On Petition for Review of an Order of the
Board of Immigration Appeals
Submitted December 11, 2019**
Before: WALLACE, CANBY, and TASHIMA, Circuit Judges.
Wilson Roeli Solis-Lopez, a native and citizen of Guatemala, petitions for
review of the Board of Immigration Appeals’ (“BIA”) order dismissing his appeal
from an immigration judge’s (“IJ”) decision denying his applications for asylum,
withholding of removal, and relief under the Convention Against Torture (“CAT”).
Our jurisdiction is governed by 8 U.S.C. § 1252. We review de novo questions of
*
This disposition is not appropriate for publication and is not precedent
except as provided by Ninth Circuit Rule 36-3.
**
The panel unanimously concludes this case is suitable for decision
without oral argument. See Fed. R. App. P. 34(a)(2).
law, Cerezo v. Mukasey, 512 F.3d 1163, 1166 (9th Cir. 2008), except to the extent
that deference is owed to the BIA’s interpretation of the governing statutes and
regulations, Simeonov v. Ashcroft, 371 F.3d 532, 535 (9th Cir. 2004). We review
for substantial evidence the agency’s factual findings. Garcia-Milian v. Holder,
755 F.3d 1026, 1031 (9th Cir. 2014)). We denied in part and dismissed in part the
petition for review.
The BIA did not err in declining to consider Solis-Lopez’s arguments
regarding family as a social group that were raised for the first time to the BIA.

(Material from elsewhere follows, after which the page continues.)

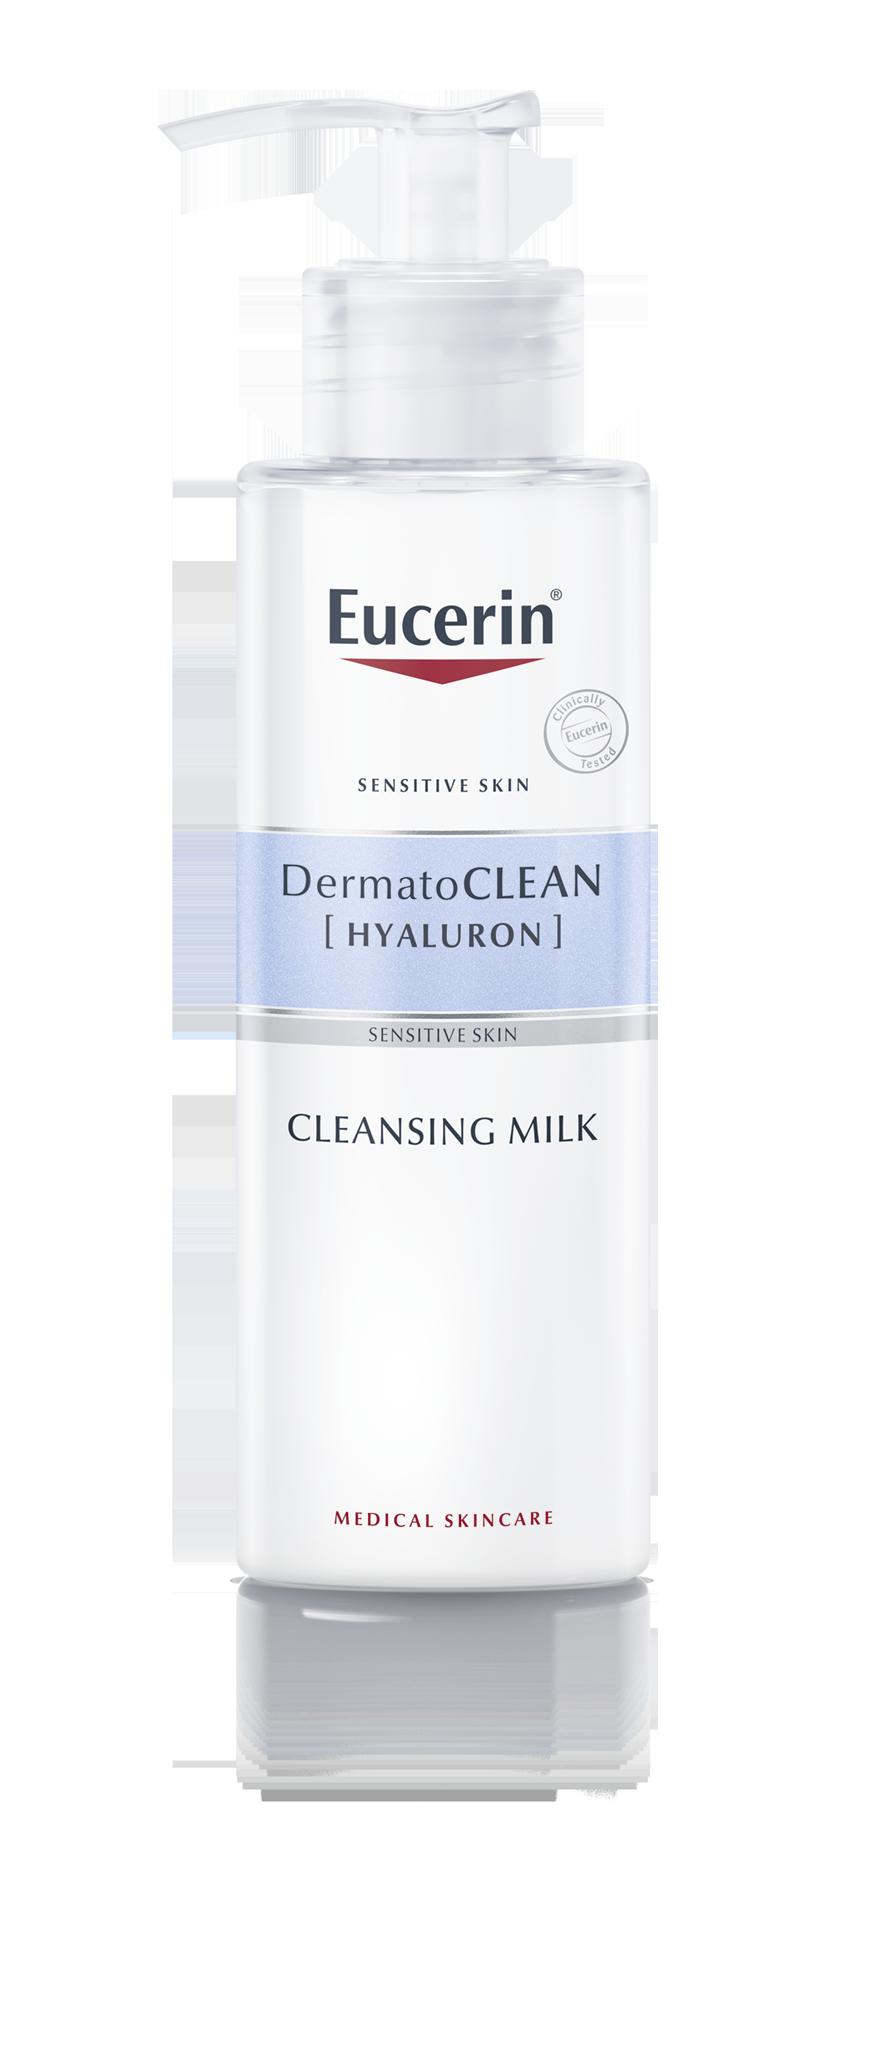 EUCERIN DermatoCLEAN čistiace mlieko 200ml

See Honcharov v. Barr, 924 F.3d 1293, 1297 (9th Cir. 2019) (BIA did not err in
declining to consider argument raised for the first time on appeal); Matter of W-Y-
C- & H-O-B-, 27 I. & N. Dec. 189, 190-91 (BIA 2018) (where the IJ did not have
an opportunity to make relevant factual findings, the BIA cannot do so in the first
instance on appeal).
Substantial evidence supports the agency’s determination that Solis-Lopez
failed to establish that his past harm rose to the level of persecution. See Lim v.
INS, 224 F.3d 929, 936 (9th Cir. 2000) (persecution is an “extreme concept” that
includes the “infliction of suffering or harm”). We lack jurisdiction to consider
Solis-Lopez’s contention as to psychological harm because he failed to raise it
before the BIA. See Barron v. Ashcroft, 358 F.3d 674, 677-78 (9th Cir. 2004)

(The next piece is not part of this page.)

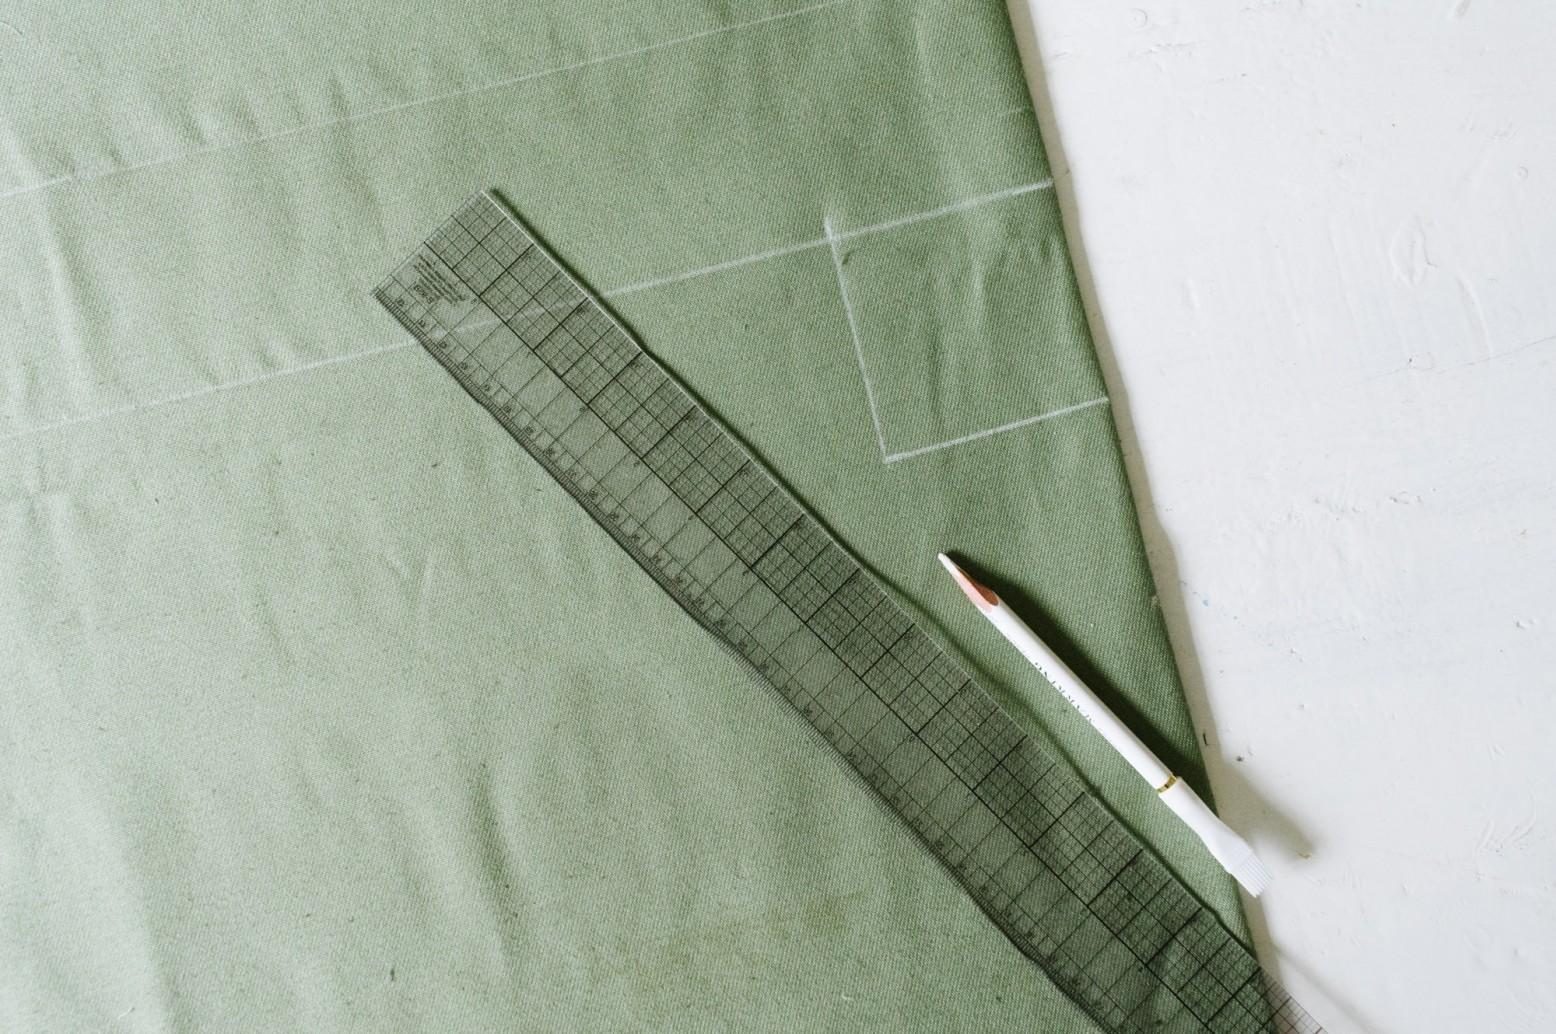 Cách may túi vải tại nhà - vẽ phác lên vải

(court lacks jurisdiction to review claims not presented to the agency).
2 15-72998
In his opening brief, Solis-Lopez does not challenge the BIA’s findings that
his gang-related social groups were not cognizable. See Corro-Barragan v.
Holder, 718 F.3d 1174, 1177 n.5 (9th Cir. 2013) (failure to contest issue in opening
brief resulted in waiver).
Thus, Solis-Lopez’s asylum and withholding of removal claims fail.
In light of this disposition, we do not reach Solis-Lopez’s remaining
contentions regarding his asylum and withholding of removal claims. See
Simeonov v. Ashcroft, 371 F.3d 532, 538 (9th Cir. 2004) (courts and agencies are
not required to decide issues unnecessary to the results they reach).
Substantial evidence supports the agency’s denial of CAT relief because
Solis-Lopez failed to show it is more likely than not that he would be tortured by
or with the consent or acquiescence of the government if returned to Guatemala.
Garcia-Milian v.Holder, 755 F.3d 1026, 1033-35 (concluding that petitioner did
not establish the necessary state action for CAT relief); see also Delgado-Ortiz v.
Holder, 600 F.3d 1148, 1152 (9th Cir. 2010) (generalized evidence of violence and
crime in Mexico was not particular to the petitioner and insufficient to establish
eligibility for CAT relief).
PETITION FOR REVIEW DENIED in part; DISMISSED in part.